Primärthermometrie wird mit einem Thermometer durchgeführt, das auf einem gut verstandenen physikalischen System basiert und für das die Zustandsgleichung, die die Beziehung zwischen der thermodynamischen Temperatur T und anderen unabhängigen Größen beschreibt, explizit ohne unbekannte oder signifikant temperaturabhängige Konstanten aufgeschrieben werden kann. Die Bestimmung genauer T‑Werte erfordert nicht nur die hochpräzise Messung der unabhängigen Größen, sondern auch das Verständnis des Systems derart, dass Abweichungen vom idealen Modell solide als Korrekturen angebracht werden können. In der „Mise en Practique“ (der „praktischen Anleitung“) des Kelvins, die mit der Neudefinition der Temperatureinheit im Mai 2019 in Kraft getreten ist, sind nun erstmals drei ausgesuchte Primärthermometer im Bereich der Berührungsthermometrie zur Darstellung der Einheit zugelassen. Das sind das akustische Gasthermometer, das Dielektrizitätskonstanten-Gasthermometer (DCGT) und das Rauschthermometer. Bei zweitgenanntem erhält man aus der Dielektrizitätskonstante ε und der elektrischen Polarisierbarkeit der Gasteilchen die Teilchenzahldichte. Durch Kombination mit der Zustandsgleichung bekommt man einen Zusammenhang zwischen dem Druck p und der Dielektrizitätskonstanten.
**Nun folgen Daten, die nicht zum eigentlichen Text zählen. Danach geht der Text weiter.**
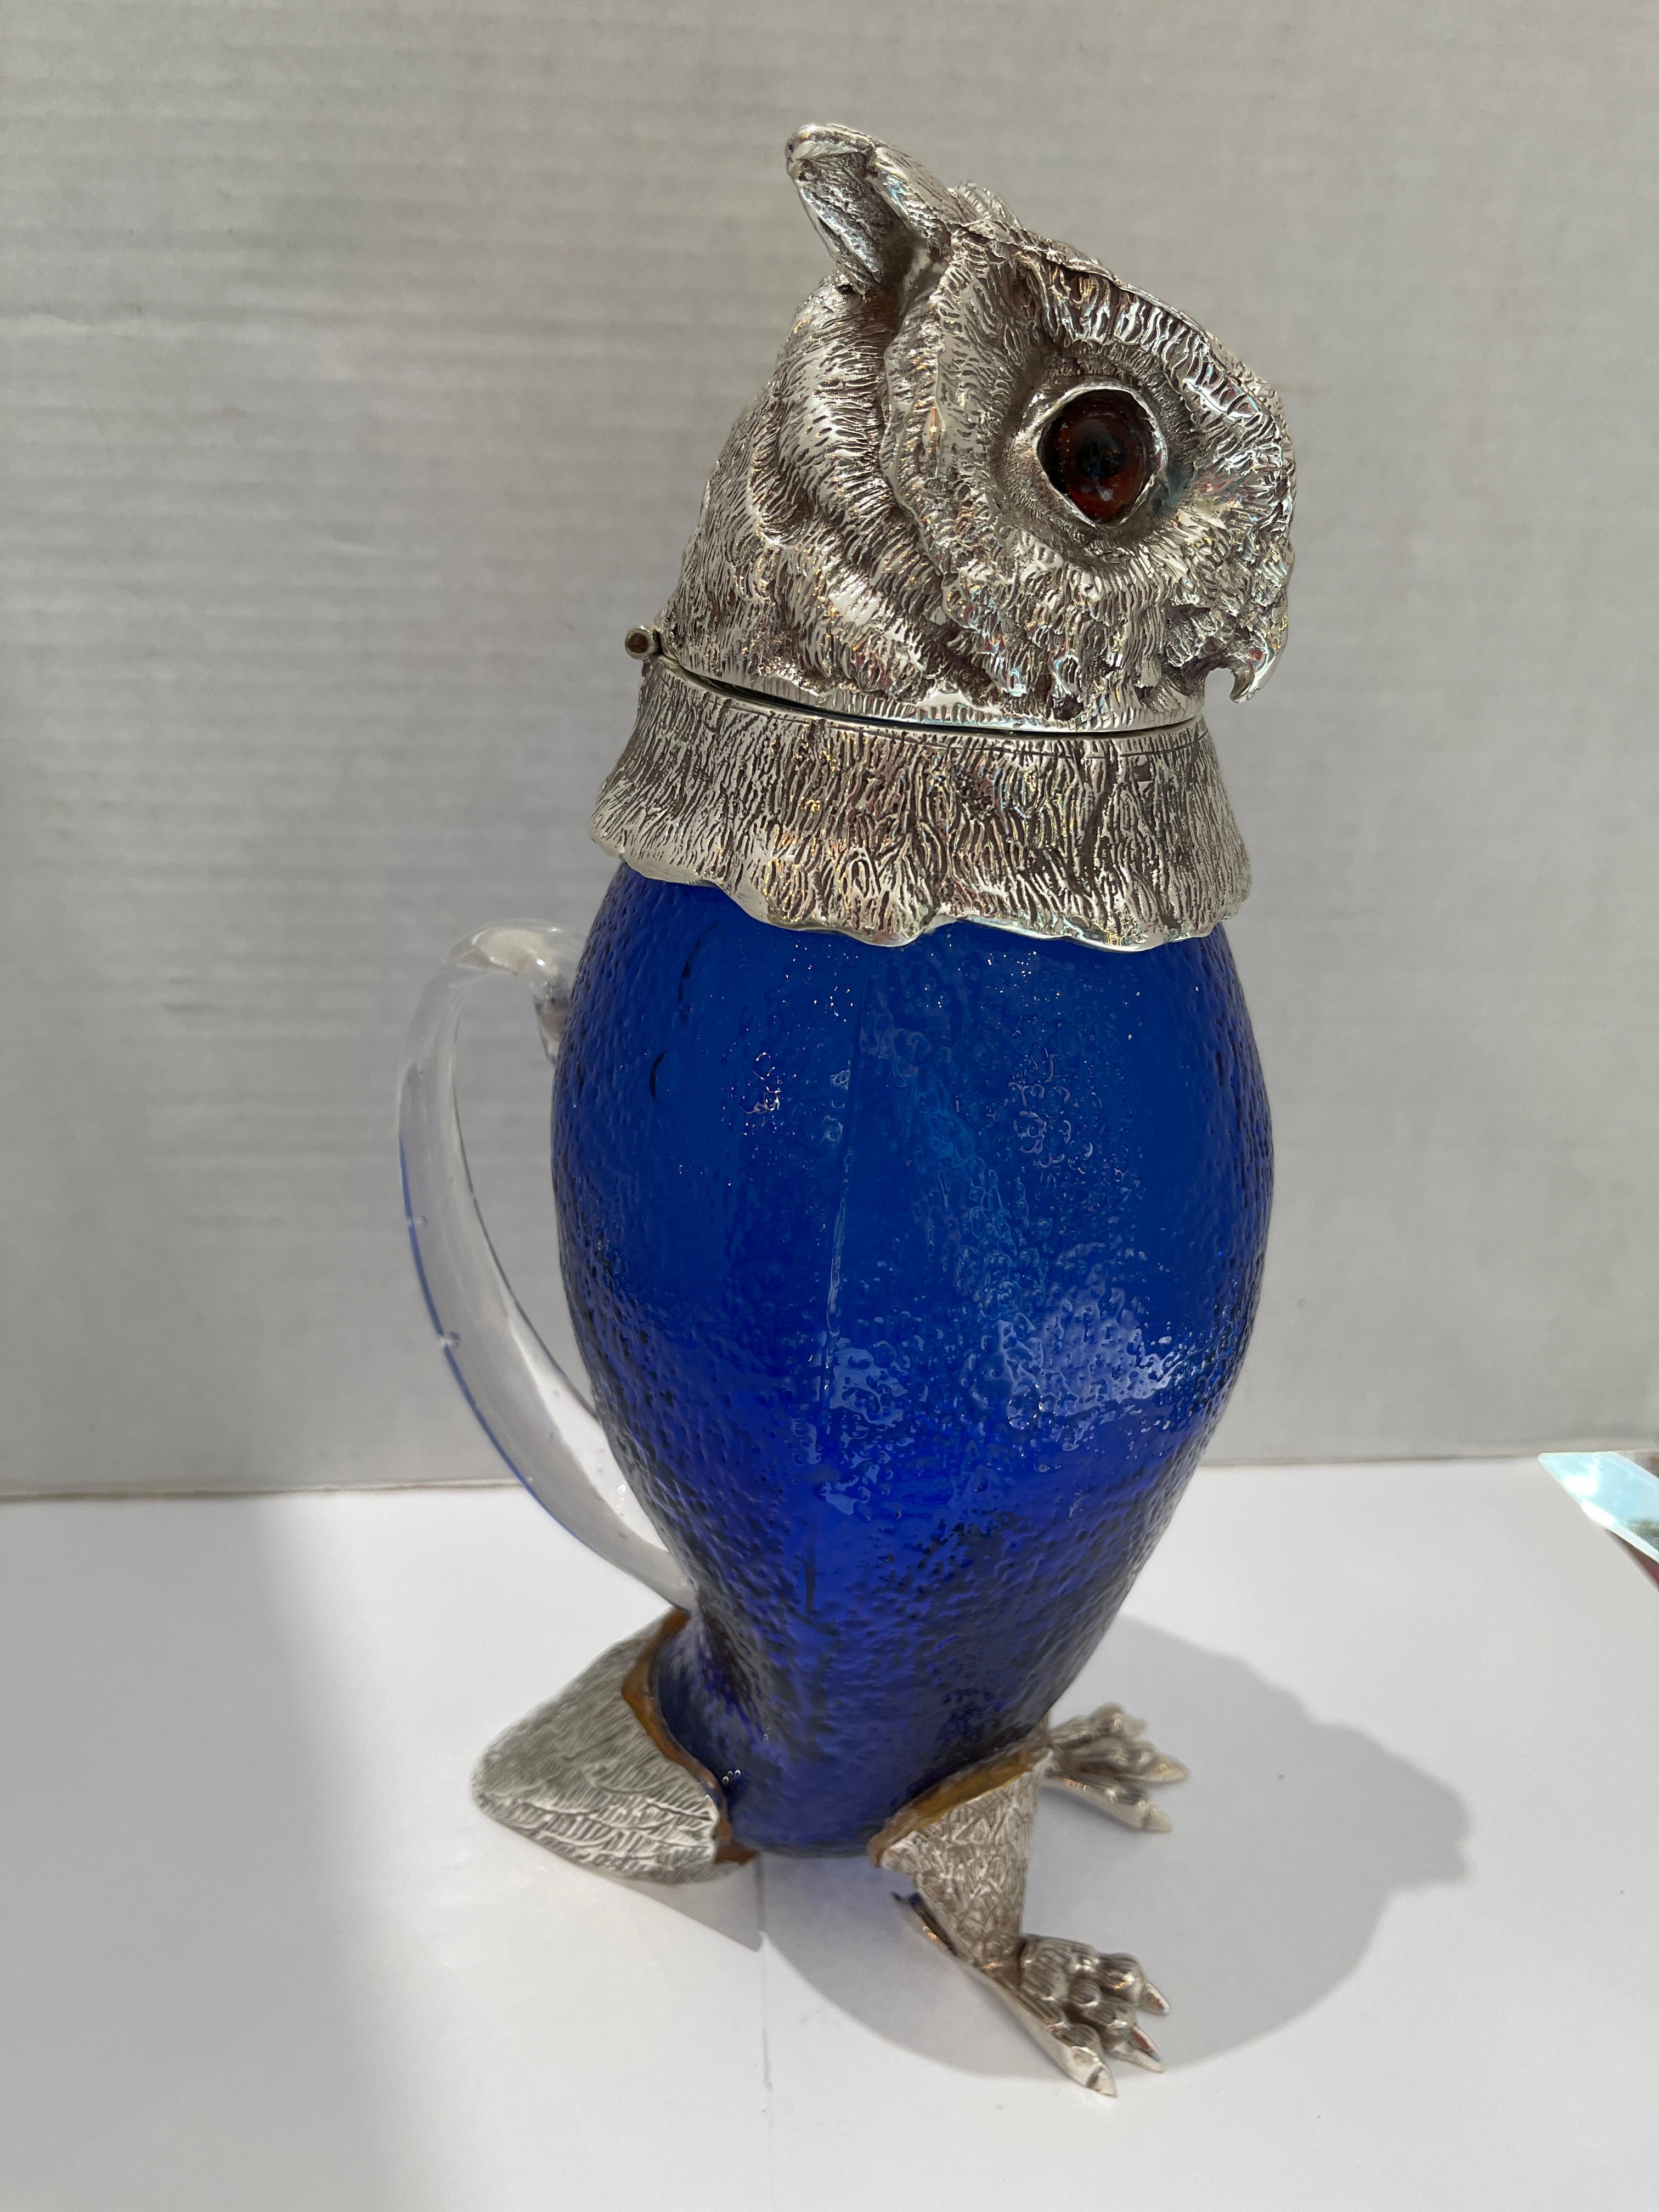 British Novelty Silver Plate and Cobalt Blue Glass Owl Claret Jug Decanter 20Th C. For Sale

Große Fortschritte bei der ab-initio-Berechnung der Polarisierbarkeit von Helium, deren relative Unsicherheit in den letzten Jahren deutlich unter 1 ∙ 10‑6 reduziert werden konnte, haben diese Methode konkurrenzfähig gemacht. Um ε zu messen wird das Messgas in geeignete Kondensatoren gefüllt. Bei der Messung werden Wertepaare des Drucks p und der Dielektrizitätskonstante ε bei festgehaltener Temperatur aufgenommen (Isothermenmessung). Aus dem linearen Anteil der Funktion von ε(p), der das Verhalten des idealen Gases beschreibt, wird schließlich T ermittelt. Diese Methode ist neben der akustischen Gasthermometrie momentan die genaueste primärthermometrische Methode im Bereich um und unterhalb 0°C (273.15 K) (siehe Bestimmung der Boltzmann-Konstante), und wird von der PTB hinunter bis zirka 2 K betrieben.
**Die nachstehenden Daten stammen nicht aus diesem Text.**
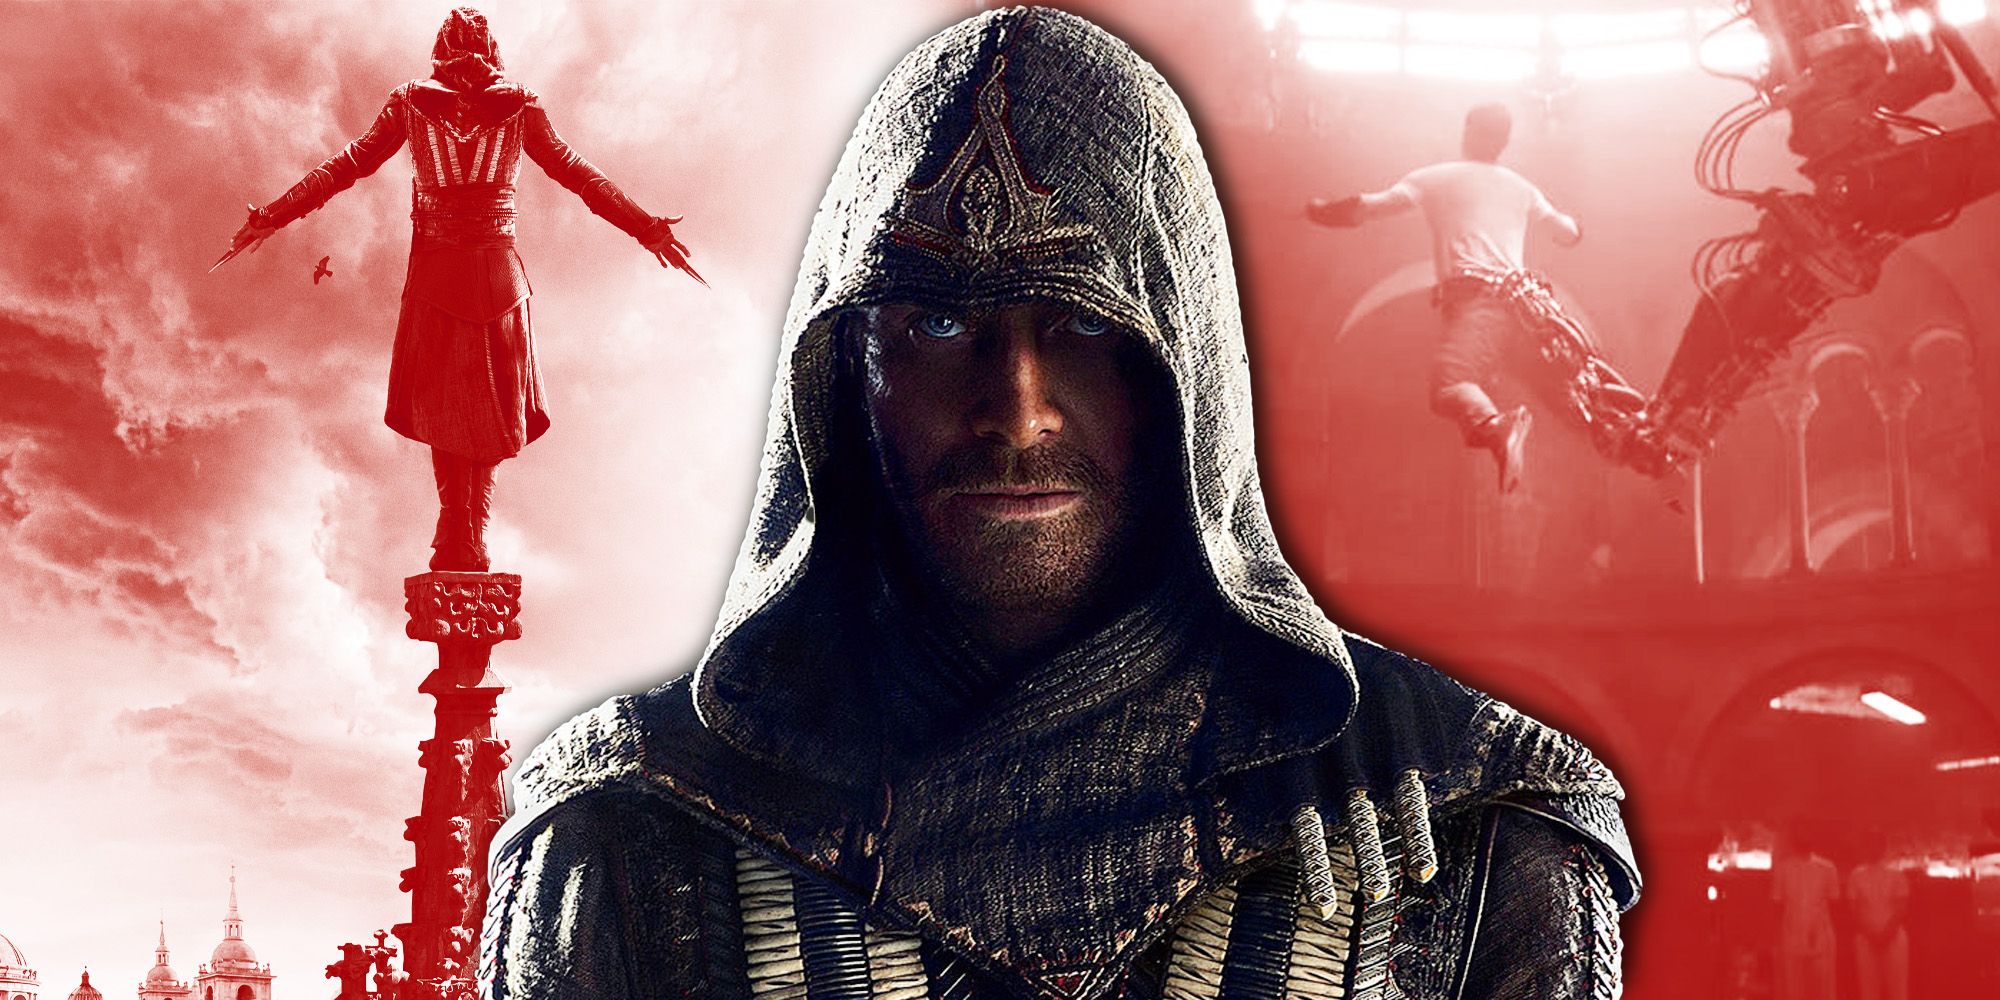 Assassin's Creed movie to be re-written - GameSpot

Darüber hinaus bietet die Rauschthermometrie Potential für primärthermometrische Messungen im Tief- und Hochtemperaturbereich. Man kann die Temperatur eines Objektes auch aus der statistischen Bewegung der Ladungsträger in einem ohmschen Widerstand ableiten, die eine Rauschspannung erzeugt (weißes Rauschen). Diese Rauschthermometrie wird schon seit vielen Jahren angewandt. Sie bestimmt mit Hilfe der Nyquist-Formel die Temperatur aus dem mittleren Quadrat der Rauschspannung. Erfolgreich wird diese Methode schon an der PTB schon im Bereich unterhalb der 1 K angewendet, und nun wird im Rahmen eines groß angelegten Projektes auch versucht, die Methode für den Temperaturbereich oberhalb 300 K in der PTB nutzbar zu machen. Der Charme der Methode besteht unter anderem darin, dass das Messsignal mit steigender Temperatur zunimmt und somit bei 1000 K geringere relative Unsicherheiten verspricht als die Dielektrizitätskonstanten-Gasthermometrie.